Justice of the Islamabad High Court
- In office 21 November 2011 – 11 October 2018

Personal details
- Born: 1 July 1959 (age 66) Rawalpindi, Pakistan
- Alma mater: University of the Punjab

= Shaukat Aziz Siddiqui =

Pakistani jurist (born 1959)

Shaukat Aziz Siddiqui (born 1 July 1959) is a Pakistani jurist and former senior Justice of the Islamabad High Court.

==Early life and education==
He was born on 1 July 1959 in Rawalpindi, Pakistan. He completed his early education from Gordon College, Rawalpindi. He then went to the University of the Punjab for LLB and MBA.

==Judicial career==
He started his career as an advocate of district courts in 1988. He was elevated to the advocate of High Court in 1990 and advocate of Supreme Court of Pakistan in 2001.

In the aftermath of the 2007 military operation against Lal Masjid, he served as the defense attorney for the mosque's leader, Abdul Aziz Ghazi.

He won the election in 2011 and became President of High Court Bar Association, Rawalpindi. On 21 November 2011, he was elevated as Justice of Islamabad High Court.

=== Removal ===
In 2018, Siddiqui accused Inter-Services Intelligence (ISI) for designing a coup against the government of Nawaz Sharif.

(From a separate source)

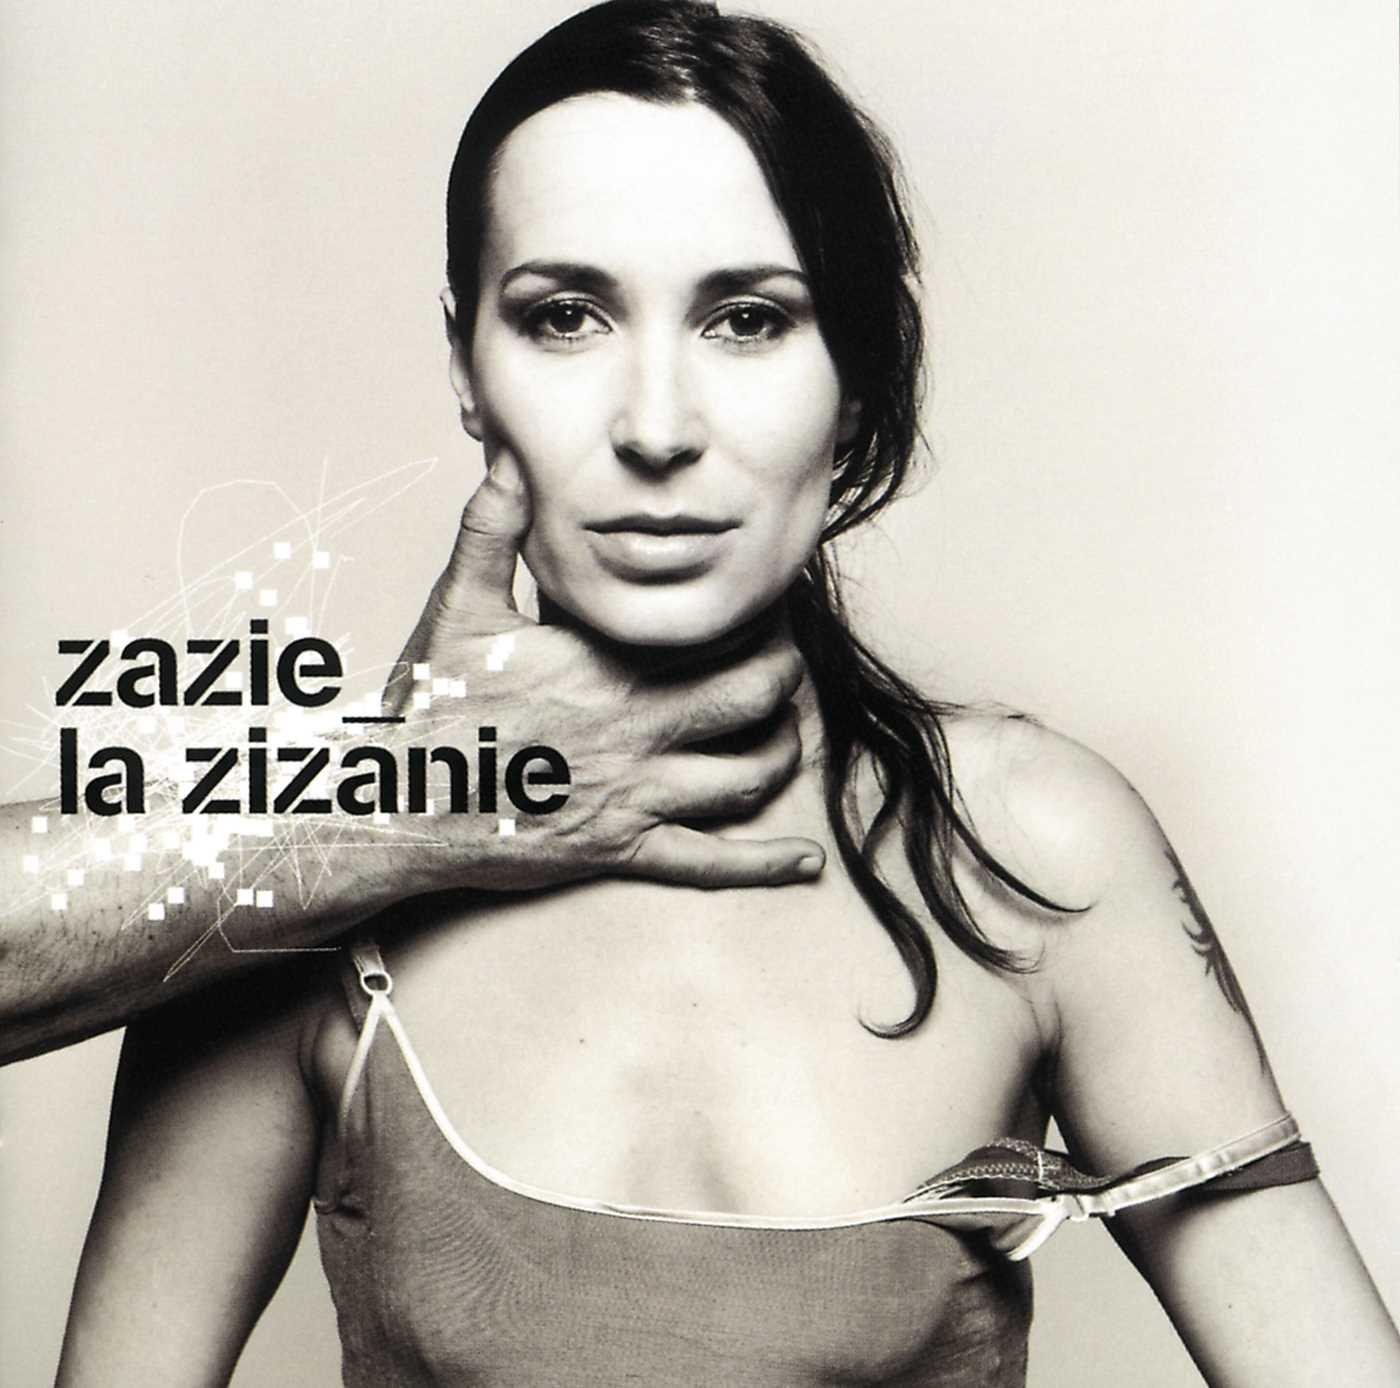 """Résultat de recherche d'images pour """"zazie la zizanie"""""""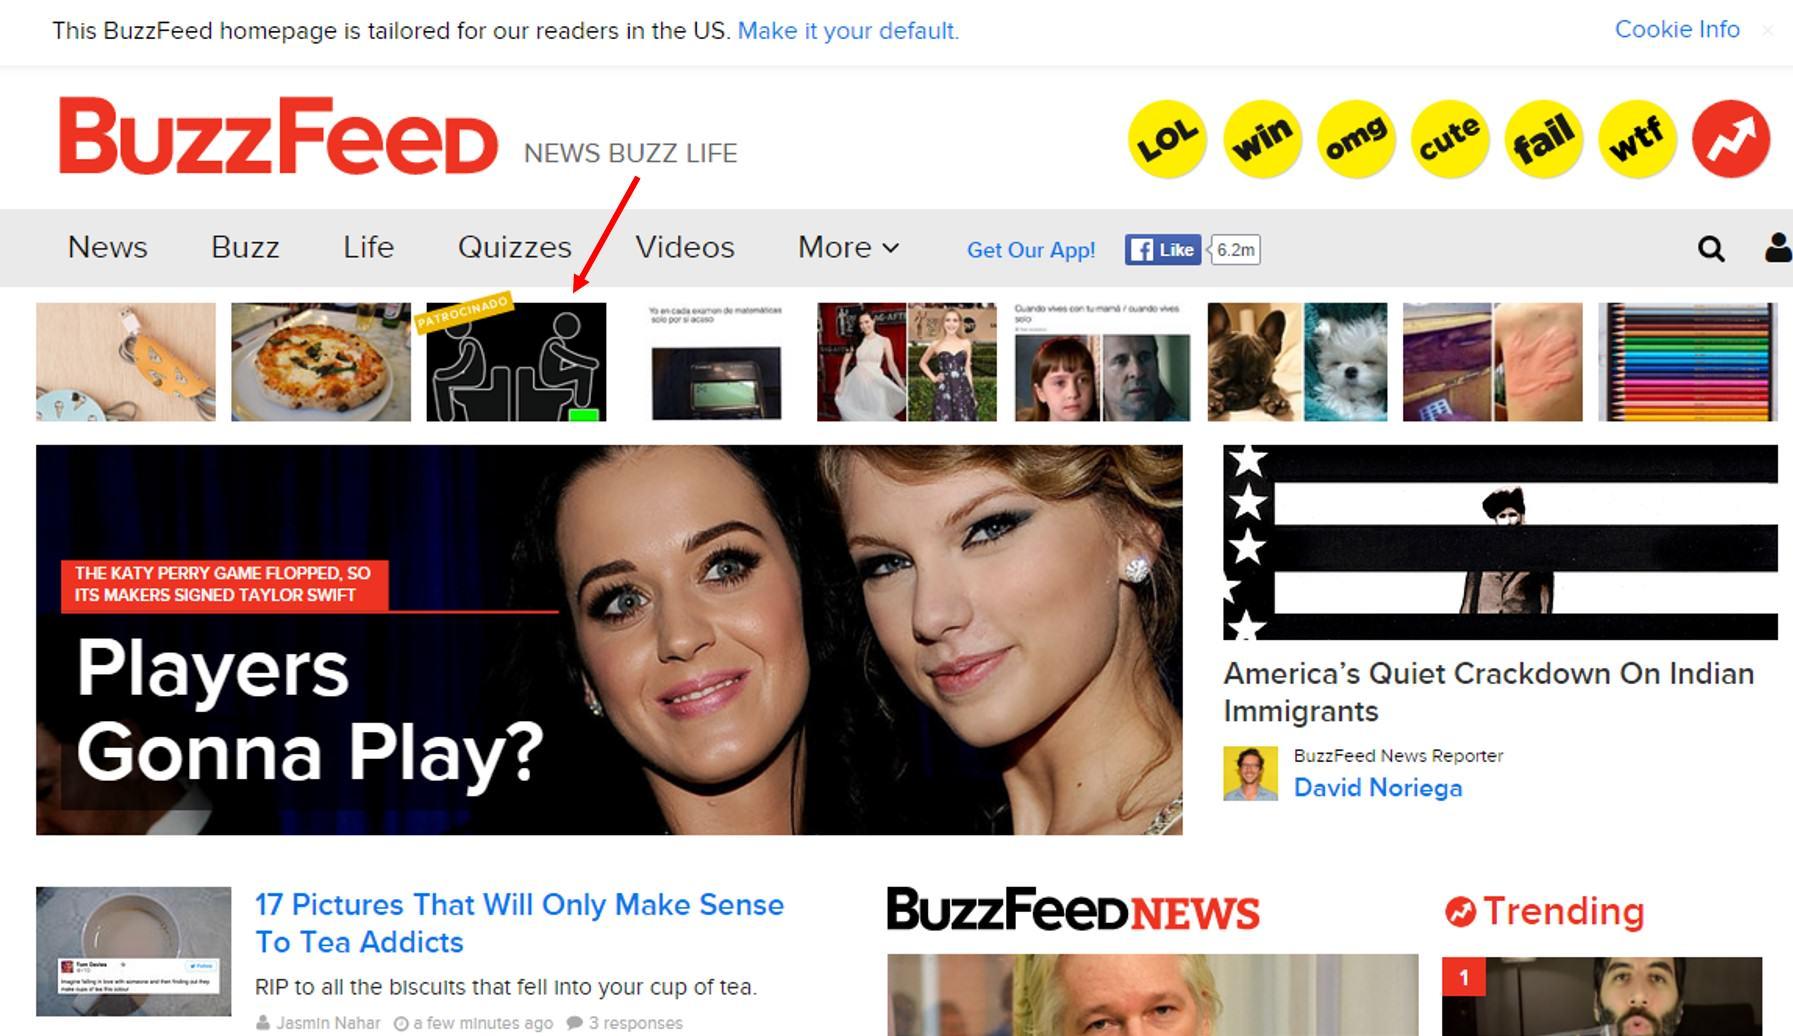 Publicidad nativa en Buzzfeed.com

Later, in October, he was removed as Justice of the Islamabad High Court by the recommendations of Supreme Judicial Council of Pakistan to the President of Pakistan.

However, on 22 March 2024, Supreme Court ruled that the dismissal of former Islamabad High Court (IHC) judge Shaukat Aziz Siddiqui was "unlawful." The verdict was announced by a five-member bench, led by Qazi Faez Isa after being reserved on 23 January.